5.3: Neuronal communication

What is a sensory receptor?

A specialised cell or structure that detects a specific stimulus and converts it into an action potential (electrical signal)

What are sensory receptors?

transducers

What are transducers?

a cell that converts one form of energy into another - in this case to an electrical impulse

Do sensory receptors respond to all stimuli?

No, each sensory receptor is specific to one type of stimulus

What are Pacinian corpuscles?

a pressure sensor that detects changes in pressure on the skin

What happens when pressure is applied to a Pacinian corpuscle?

• Pressure is applied to the skin

• Rings of connective tissue (lamellae) deform

• This stretches the sensory neurone membrane

• Stretch-mediated sodium channels open

• Na⁺ ions diffuse in

• A generator potential is produced

• If the generator potential reaches threshold:

  • An action potential is triggered

• Action potential travels along the sensory neurone

What are the key differences between a generator potential and an action potential?
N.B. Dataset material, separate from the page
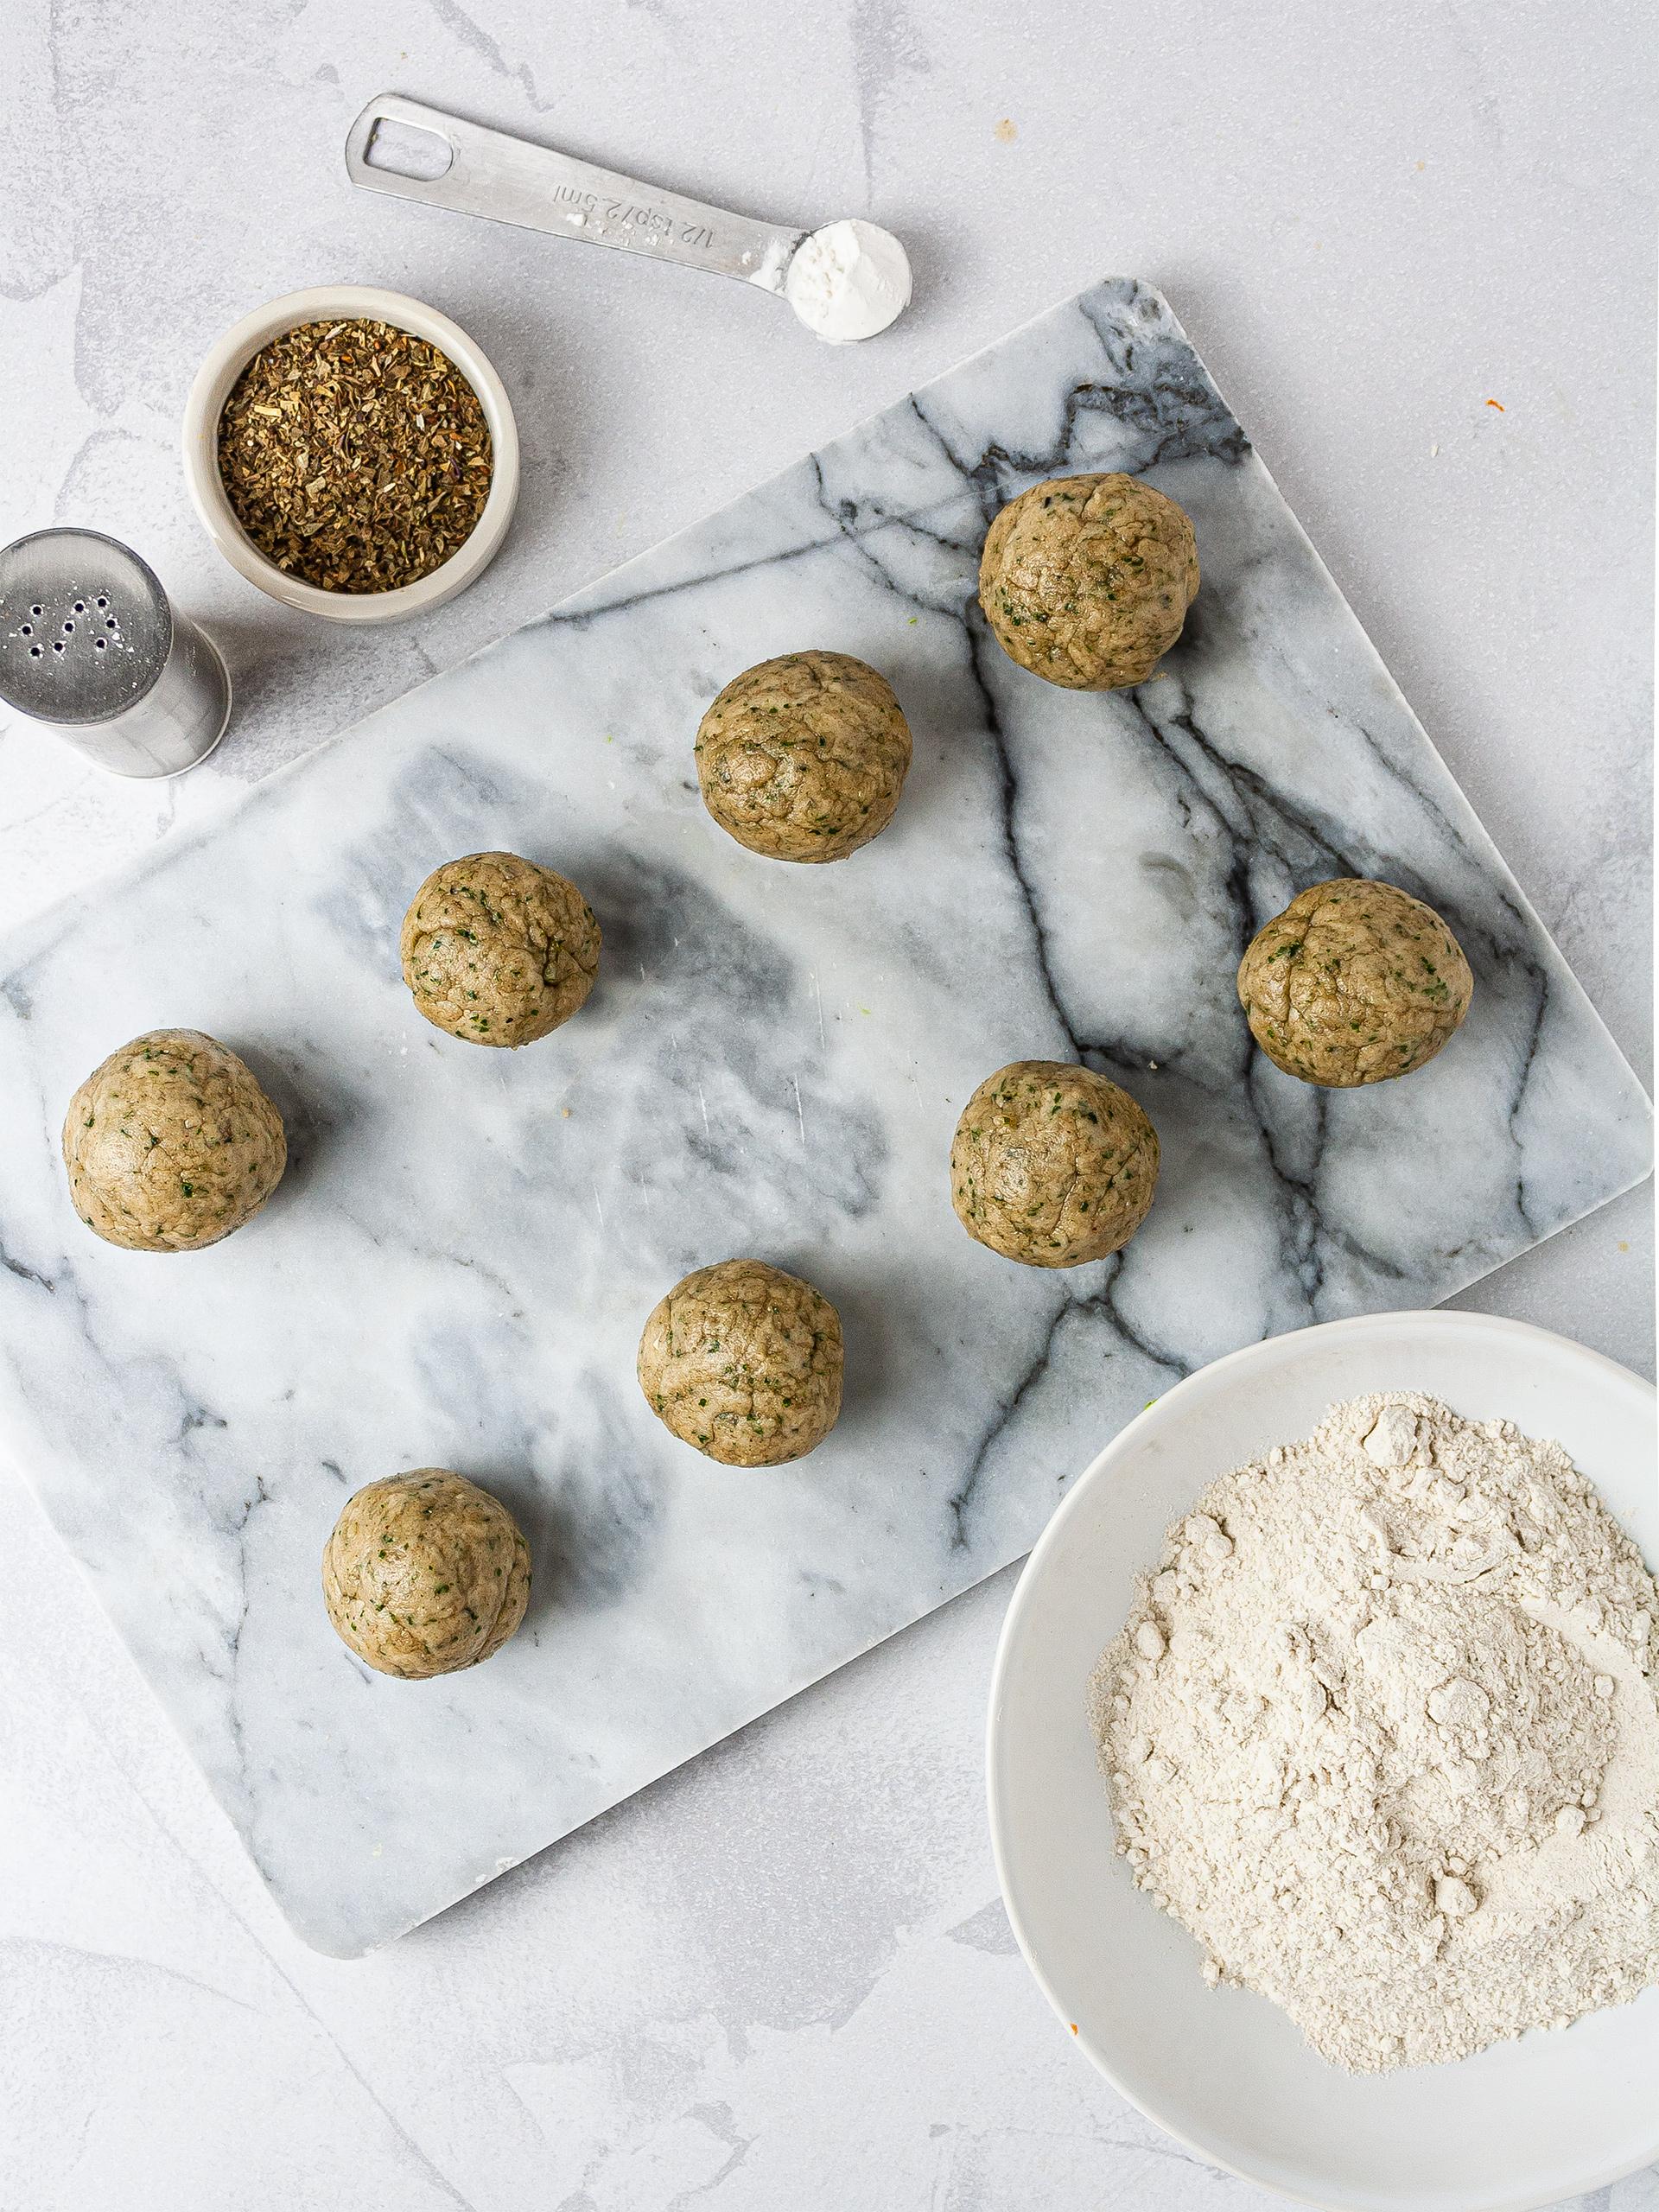 Gluten-free dumplings made with buckwheat flour, salt, oil, and herbs.

Generator potential	Action potential
Local change	Travels
Graded (size varies - depends on stimulus strength)	All-or-nothing: once threshold is reached, always the same size
Depends on stimulus strength	Same size every time
Can summate	Cannot summate

How does stimulus strength affect generator potential?

Stronger stimulus produces a larger generator potential

How does stimulus strength affect action potentials?

Stronger stimulus increases the frequency of action potentials, not their size

What do the sodium potassium pumps in the membrane do?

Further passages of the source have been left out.